Crise énergétique
Posée le 26/03/2026 • Ministère interrogé : Premier ministre
Thierry Cozic SER
Sénateur — Sarthe
La question
✓ Réponse du gouvernement
Publiée le 26/03/2026
M. le président. La parole est à Mme la ministre déléguée chargée de l'énergie, porte-parole du Gouvernement.
Mme Maud Bregeon, ministre déléguée auprès du Premier ministre, porte-parole du Gouvernement, et ministre déléguée auprès du ministre de l'économie, des finances et de la souveraineté industrielle, énergétique et numérique, chargée de l'énergie. Monsieur le président, mesdames, messieurs les sénateurs, vous l'avez dit, monsieur le sénateur, des conséquences évidentes affectent la vie économique française. Il manque aujourd'hui 16 millions de barils par jour en raison de la fermeture du détroit d'Ormuz, par lequel transitent en temps normal 20 % du pétrole et 20 % du gaz à l'échelle mondiale.
Nous sommes tous conscients des répercussions de cette situation sur les familles françaises et, potentiellement, sur les secteurs économiques. Récemment encore, mes collègues et moi-même avons rencontré les agriculteurs, les pêcheurs et les transporteurs.
Il convient d'aborder l'évolution des prix avec une grande humilité. Vous évoquez le cours du baril : entre les valeurs d'hier et celles d'aujourd'hui, au gré des déclarations du président américain, une volatilité absolument inouïe s'observe et nous conduit, les uns et les autres, à la plus grande prudence dans nos prises de parole.
Nous avons rencontré les distributeurs à plusieurs reprises. Vous mentionnez l'encadrement des marges : nous ne sommes pas dans une économie administrée. Notre responsabilité, en revanche, consiste à nous assurer de l'absence de marge indue ou d'augmentation du niveau des marges par les distributeurs. C'est ce que nous vérifions quotidiennement avec mon collègue Serge Papin.
En l'occurrence, d'après toutes les mesures à notre disposition - et nous avons les remontées des prix sur tout le territoire national, station-service par station-service -, aucune augmentation indue des marges n'a été constatée de la part des distributeurs.
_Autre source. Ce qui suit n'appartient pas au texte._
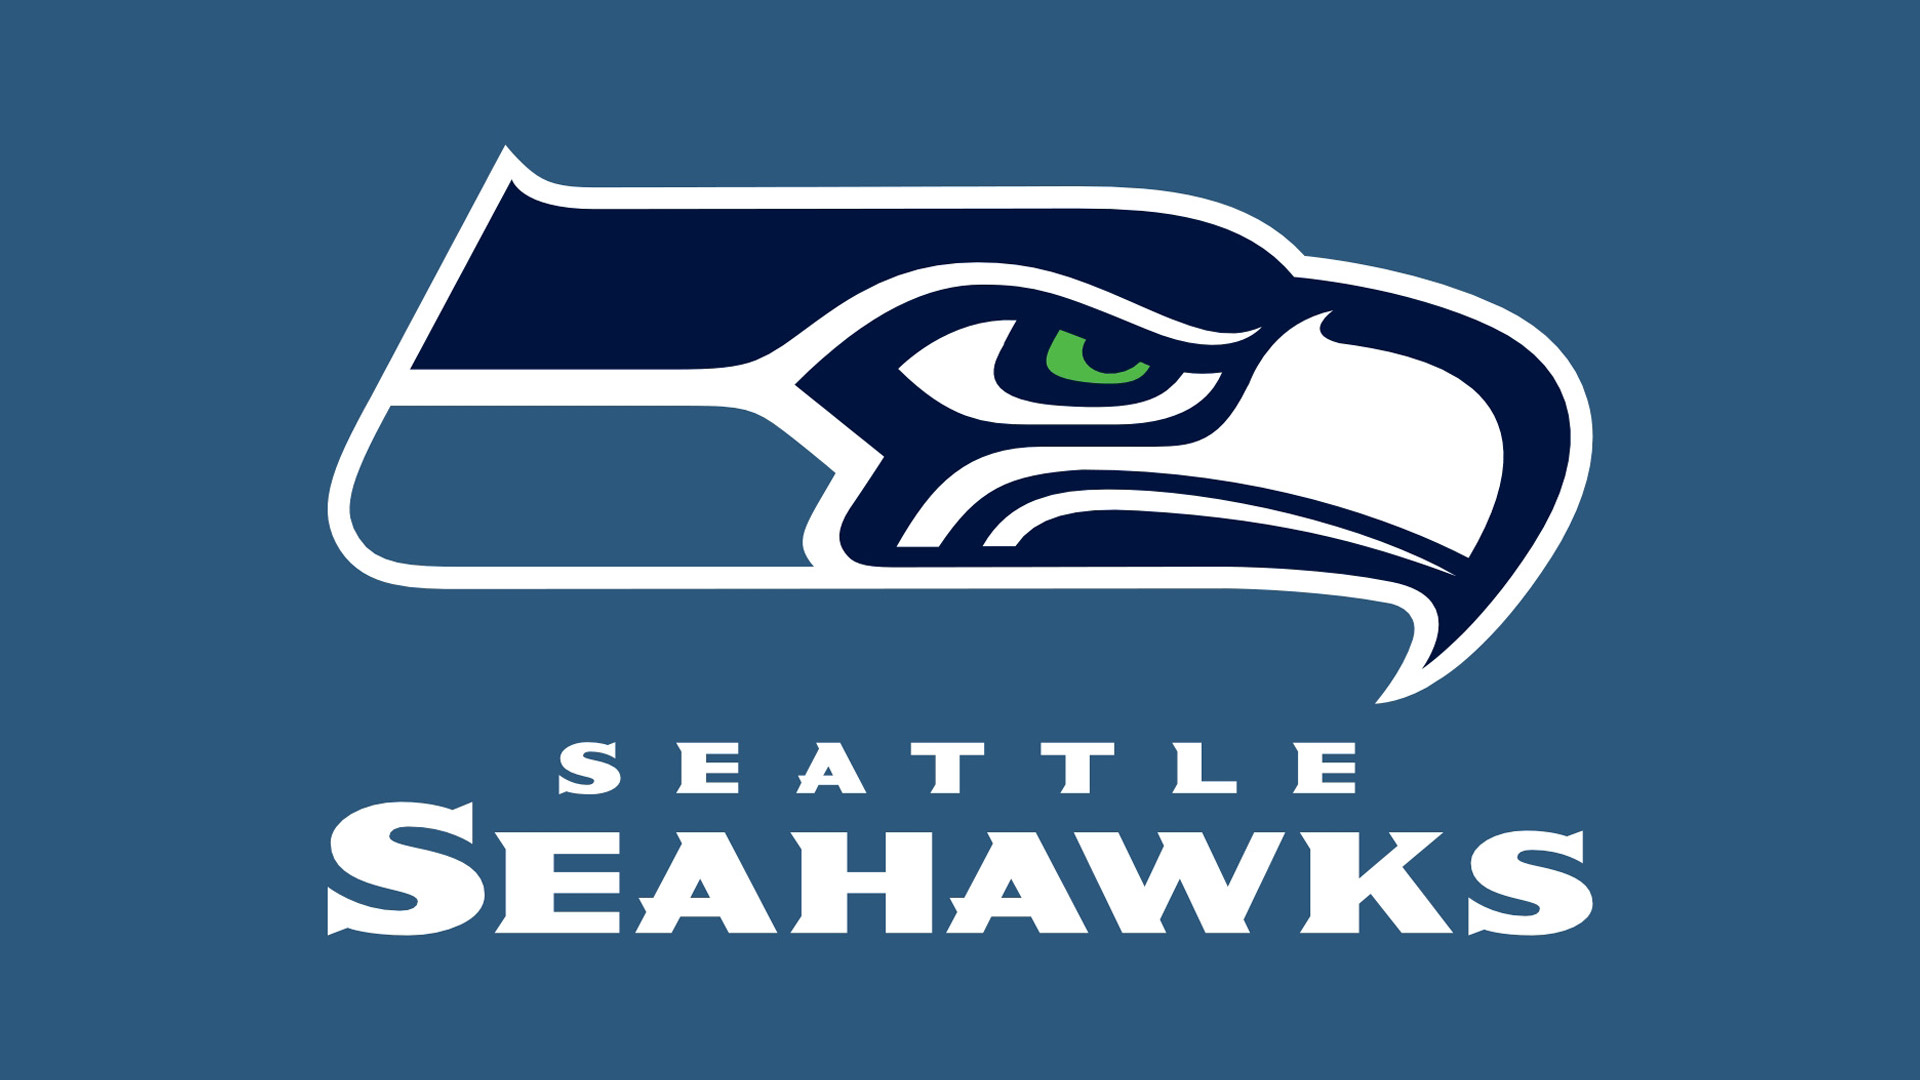  Resolution Words Seattle Seahawks Logos wallpapers HD free

De même, nous veillons à ce que la répercussion des baisses du cours du baril de Brent à la pompe se fasse aussi rapidement que pour les hausses.
Enfin, nous agissons pour accompagner les secteurs économiques. Un certain nombre d'entre eux - le Premier ministre vient de le dire - ne peuvent attendre. Je le répète, ce que nous avons présenté ne vaut pas solde de tout compte. Nous commençons par les accompagner avec des mesures sur la trésorerie, des reports possibles de charges fiscales et sociales et la mobilisation du secteur bancaire. Celui-ci s'engage à suivre, situation par situation, les entreprises, notamment les très petites entreprises (TPE) et les petites et moyennes entreprises (PME) en difficulté, pour leur apporter, là encore, des solutions. Nous resterons bien évidemment mobilisés.
Je conclurai par un mot concernant le déficit public, que nous devons maintenir à 5 %. Cet objectif revêt une grande importance, car c'est ce qui nous permettra d'investir, notamment dans la transition énergétique.
M. le président. Il faut conclure.
Mme Maud Bregeon, ministre déléguée. L'argent magique n'existe pas.
M. Thierry Cozic. Ce n'est pas le sujet !
Mme Maud Bregeon, ministre déléguée. Ce que le consommateur ne paie pas aujourd'hui, le contribuable le paiera demain. Je ne le dis pas spécifiquement à votre attention, monsieur le sénateur, mais il me semble utile de le rappeler. (Applaudissements sur les travées du groupe RDPI.)